Clinical Biochemistry Department, Hospital Universitario Central de Asturias, Oviedo, Spain.
Laboratory Medicine Department, Hospital Universitario Central de Asturias, Oviedo, Spain.
Cytometry B Clin Cytom. 2022 Jul;102(4):272-282. doi: 10.1002/cyto.b.22081. Epub 2022 Jun 15.
Multidimensional flow cytometry (MFC) is routinely used for the diagnosis and follow-up of hematolymphoid neoplasms but its contribution to the identification of non-hematolymphoid malignant tumors is limited.
The presence of non-hematolymphoid cells in clinical samples obtained via minimally invasive methods was ascertained by using a panel of monoclonal antibodies previously developed in our laboratory comprising a mixture of antibodies: CD9-PacB/CD45-OC515/CD57-FITC/CD56-PE/CD3-PerCP-Cy5.5/CD117-PE-Cy7/CD326-APC/CD81-APC-C750. Histopathological studies were performed using standard techniques.
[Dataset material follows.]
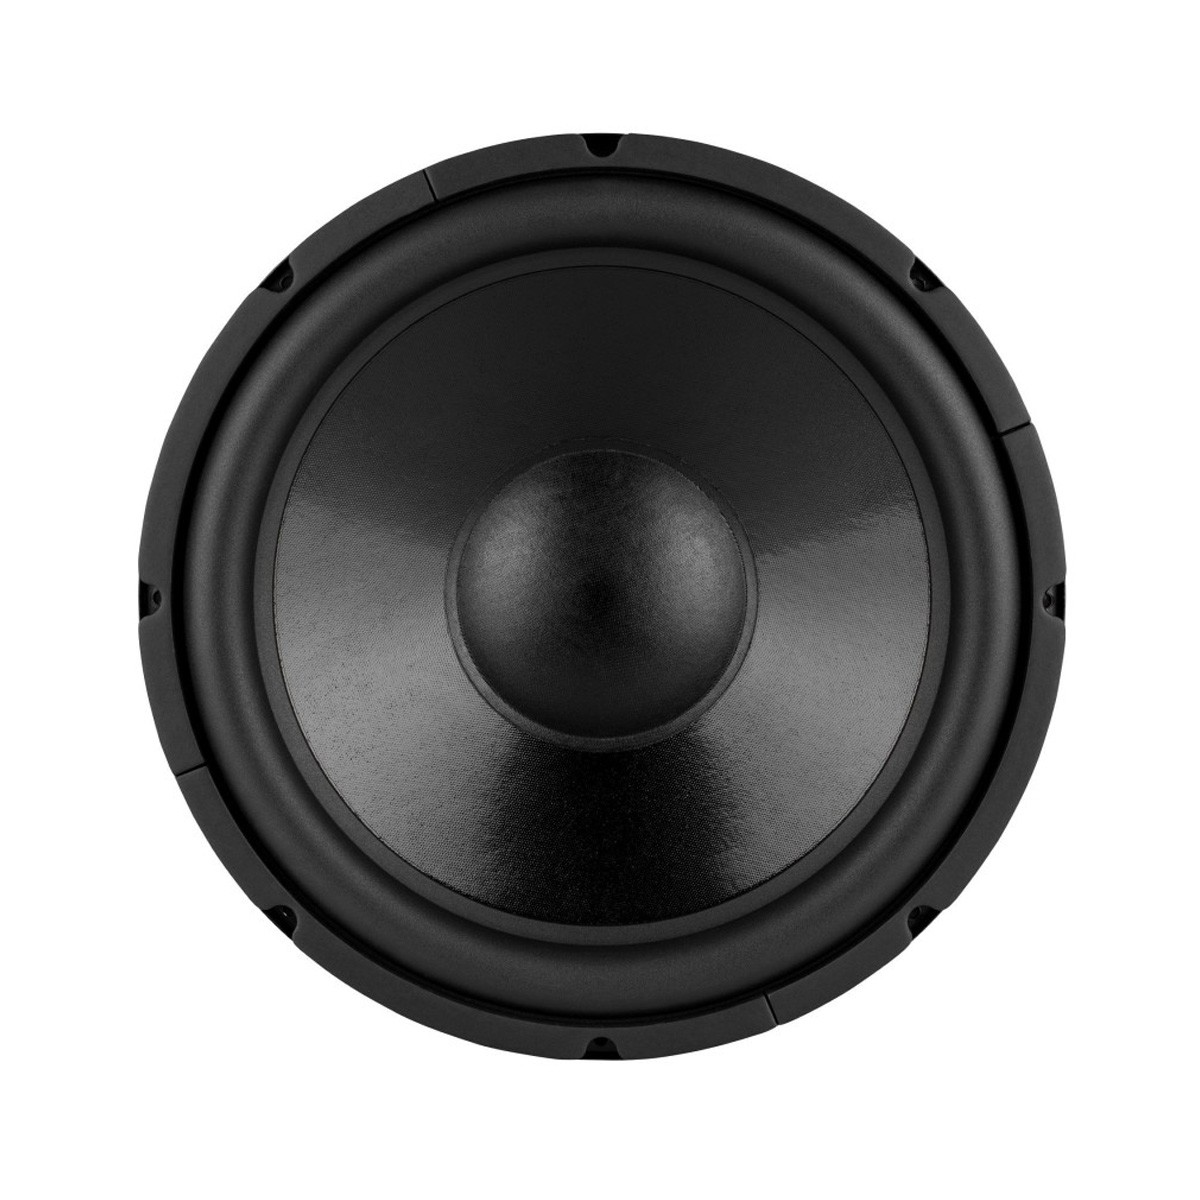 DAYTON AUDIO DCS380-4 Subwoofer Speaker 4 Ohm Ø38cm

164 specimens of different origins were included. Malignancy was finally confirmed in 142 (86.5%), while 22 non neoplastic samples were identified. The most frequent diagnosis was small cell lung carcinoma (SCLC) (50%). High sensitivity (S = 98.6%) was reached combining MFC and conventional pathology. Individual markers differed according to the cellular origin of the neoplasm, with neuroendocrine tumors showing a unique immunophenotypic profile (CD56+ CD326+ CD117-/+ and variable tetraspanins expression). Principal component analysis efficiently distinguished SCLC from other tumor samples. In immune cell populations, differences between reactive and malignant biopsies were found in different cell compartments, especially in B cells and Plasma cells. Differences also emerged in the percentage of CD4+ CD8- T cells, CD4-CD8+ T cells and NK cells and these were dependent on the origin of the tumor cells.
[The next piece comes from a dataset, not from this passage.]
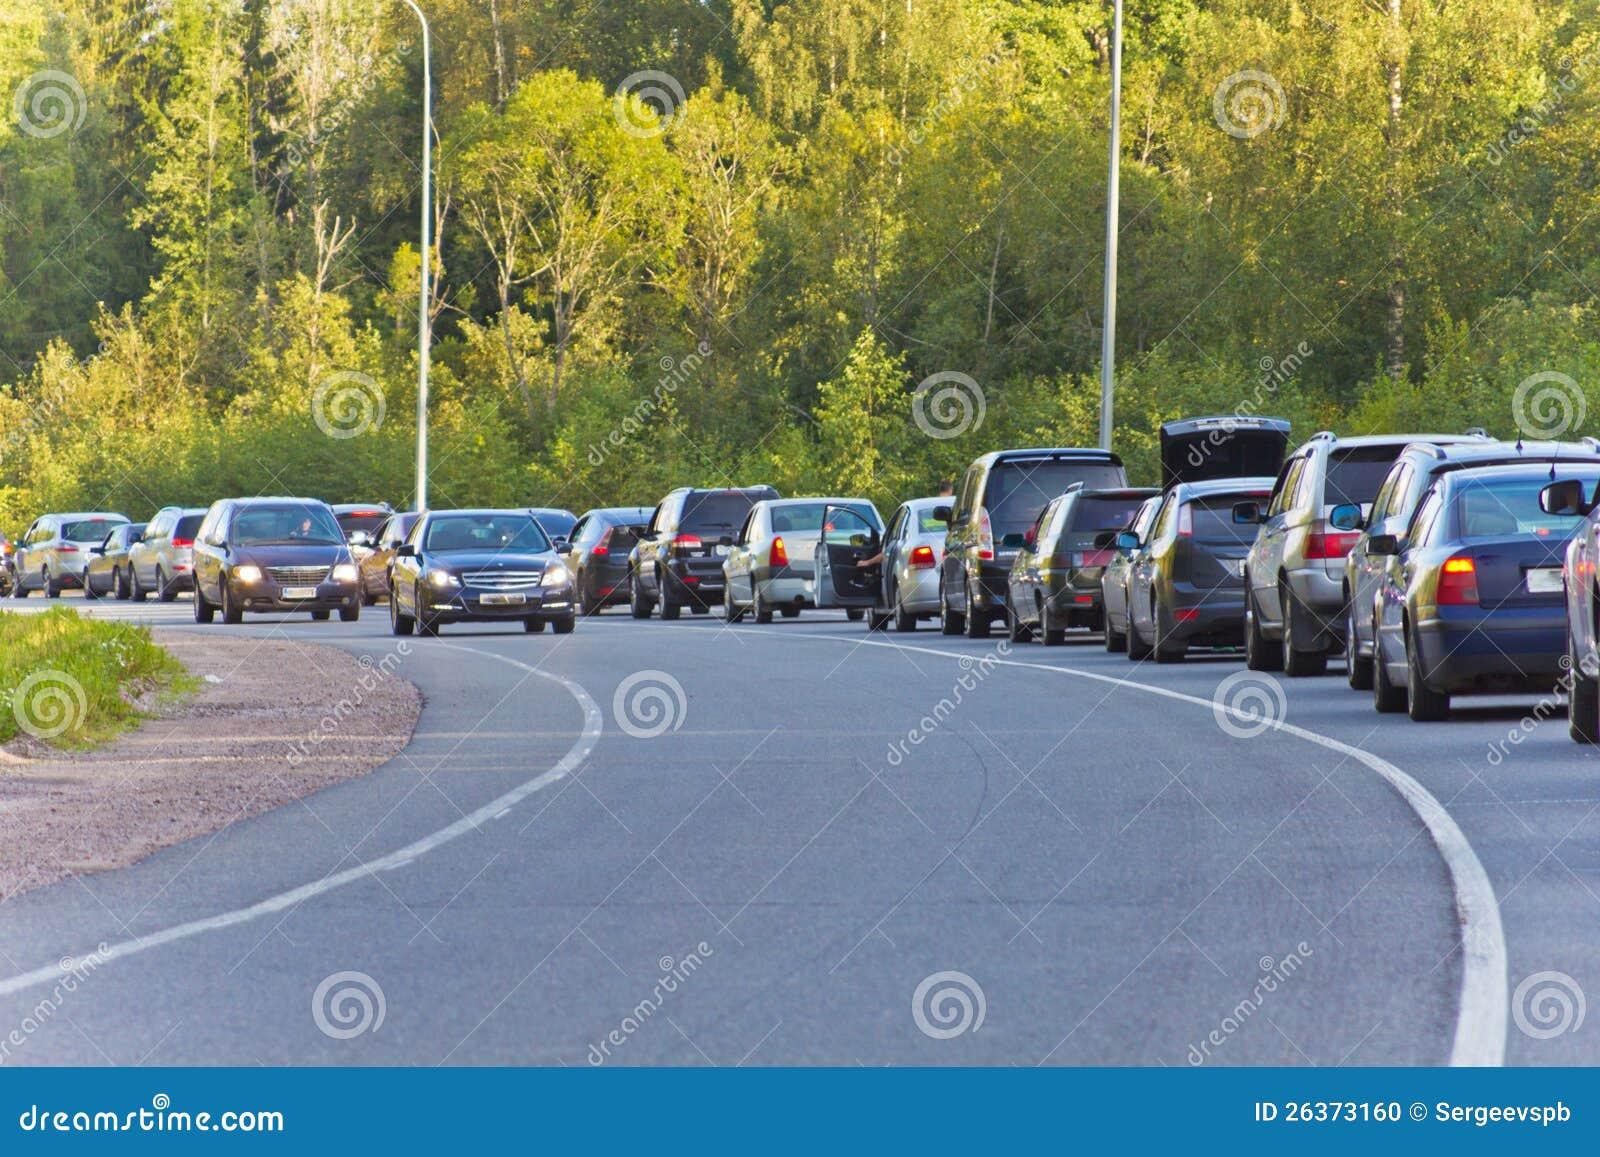 Cars in turn

These results support the use of MFC as a rapid and valuable technique to detect non-hematolymphoid tumoral cells in clinical specimens, providing an initial orientation to complement hystopathological studies and allow a more precise diagnosis, especially in neuroendocrine neoplasms. The impact of different immune cell patterns warrants further research.
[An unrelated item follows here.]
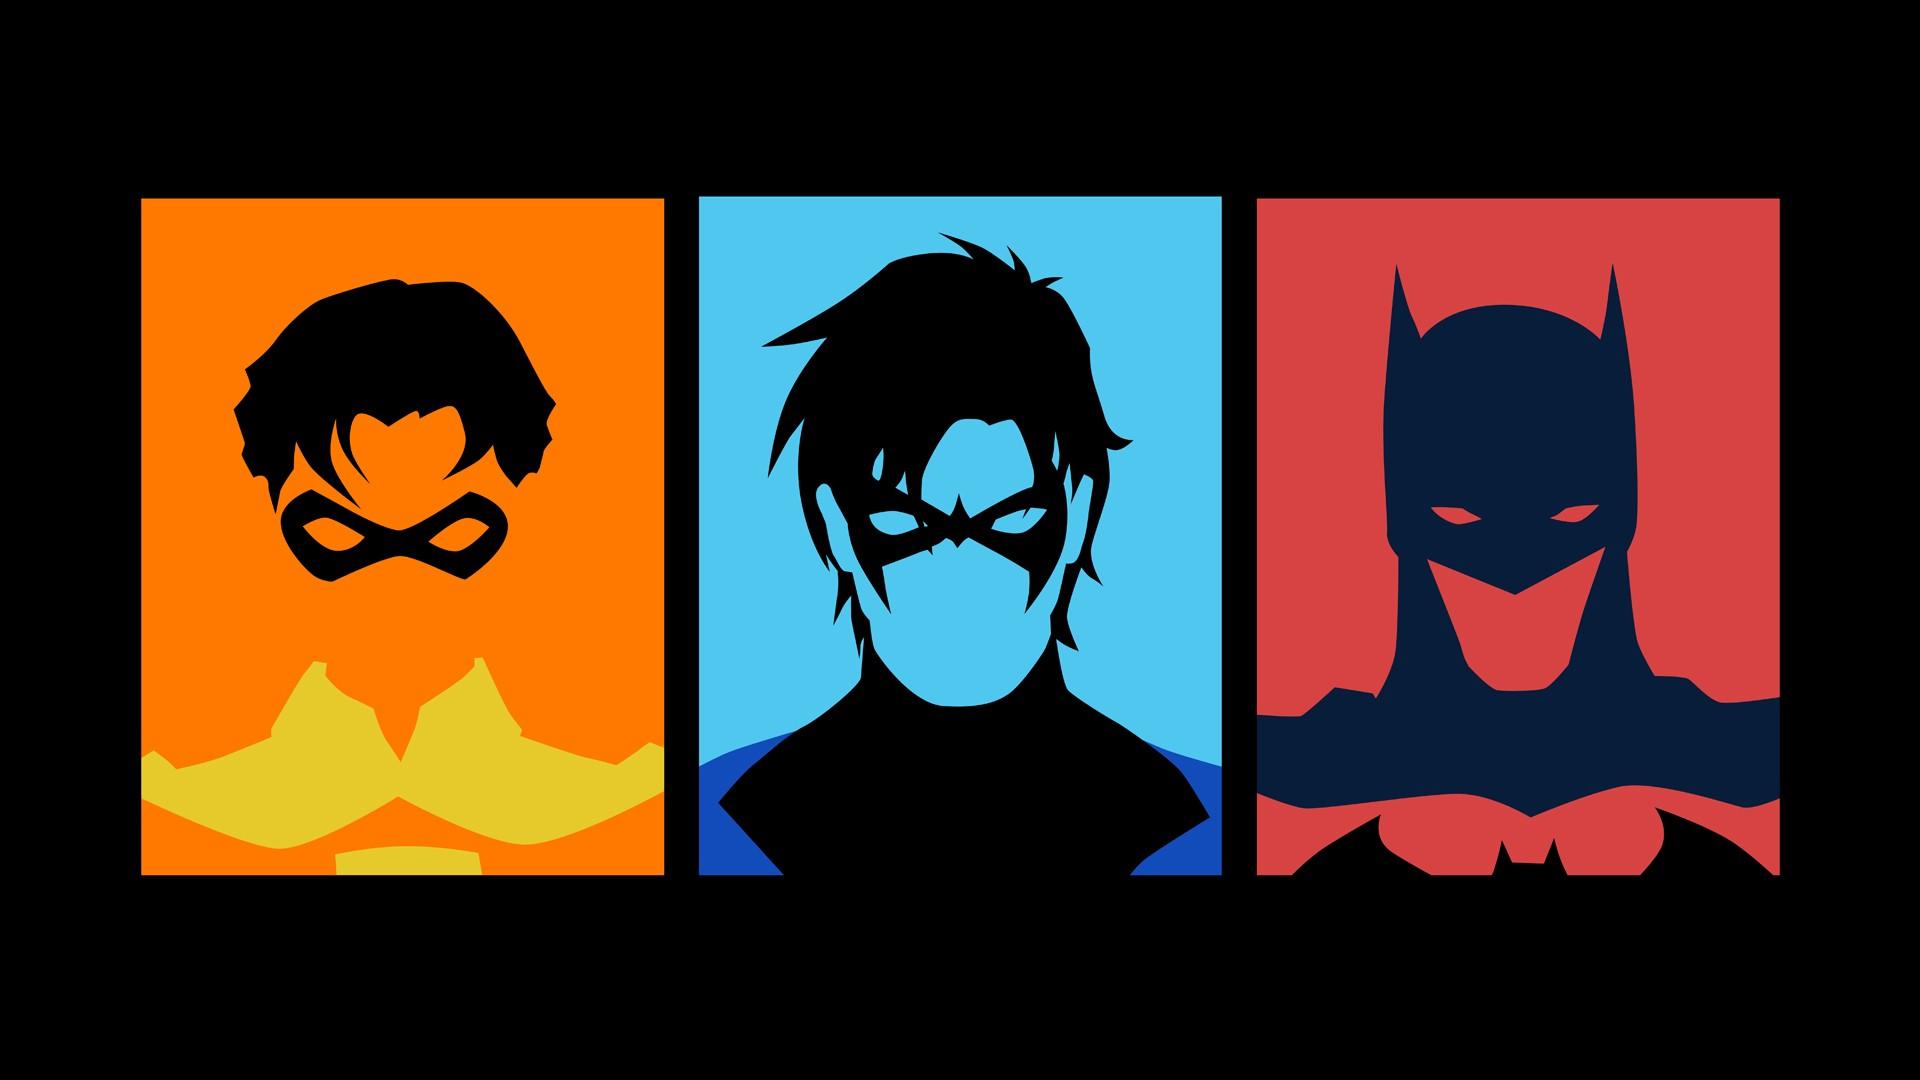 50 batman logo wallpapers for free download (hd 1080p)

多维流式细胞术(MFC)常用于血液淋巴肿瘤的诊断和随访,但它对非血液淋巴恶性肿瘤的识别贡献有限。
通过使用我们实验室先前开发的包含一组混合抗体的抗体组合来确定通过微创方法获得的临床样本中是否存在非血液淋巴样细胞:CD9-PacB/CD45-OC515/CD57-FITC/CD56-PE/CD3-PerCP-Cy5.5/CD117-PE-Cy7/CD326-APC/CD81-APC-C750。采用标准技术进行组织病理学研究。
共纳入 164 例不同来源的标本。最终确诊恶性肿瘤 142 例(86.5%),非肿瘤性样本 22 例。最常见的诊断是小细胞肺癌(SCLC)(50%)。将 MFC 与常规病理学相结合,达到了高灵敏度(S=98.6%)。根据肿瘤的细胞来源,个体标志物存在差异,神经内分泌肿瘤表现出独特的免疫表型特征(CD56+CD326+CD117-/+和可变四跨膜蛋白表达)。主成分分析有效地将 SCLC 与其他肿瘤样本区分开来。在免疫细胞群中,在不同的细胞区室中发现了反应性和恶性活检之间的差异,尤其是在 B 细胞和浆细胞中。CD4+CD8-T 细胞、CD4-CD8+T 细胞和 NK 细胞的百分比也存在差异,这些差异取决于肿瘤细胞的来源。
这些结果支持将 MFC 用作快速且有价值的技术来检测临床标本中的非血液淋巴肿瘤细胞,为补充组织病理学研究提供初步方向,并允许更精确的诊断,特别是在神经内分泌肿瘤中。不同免疫细胞模式的影响值得进一步研究。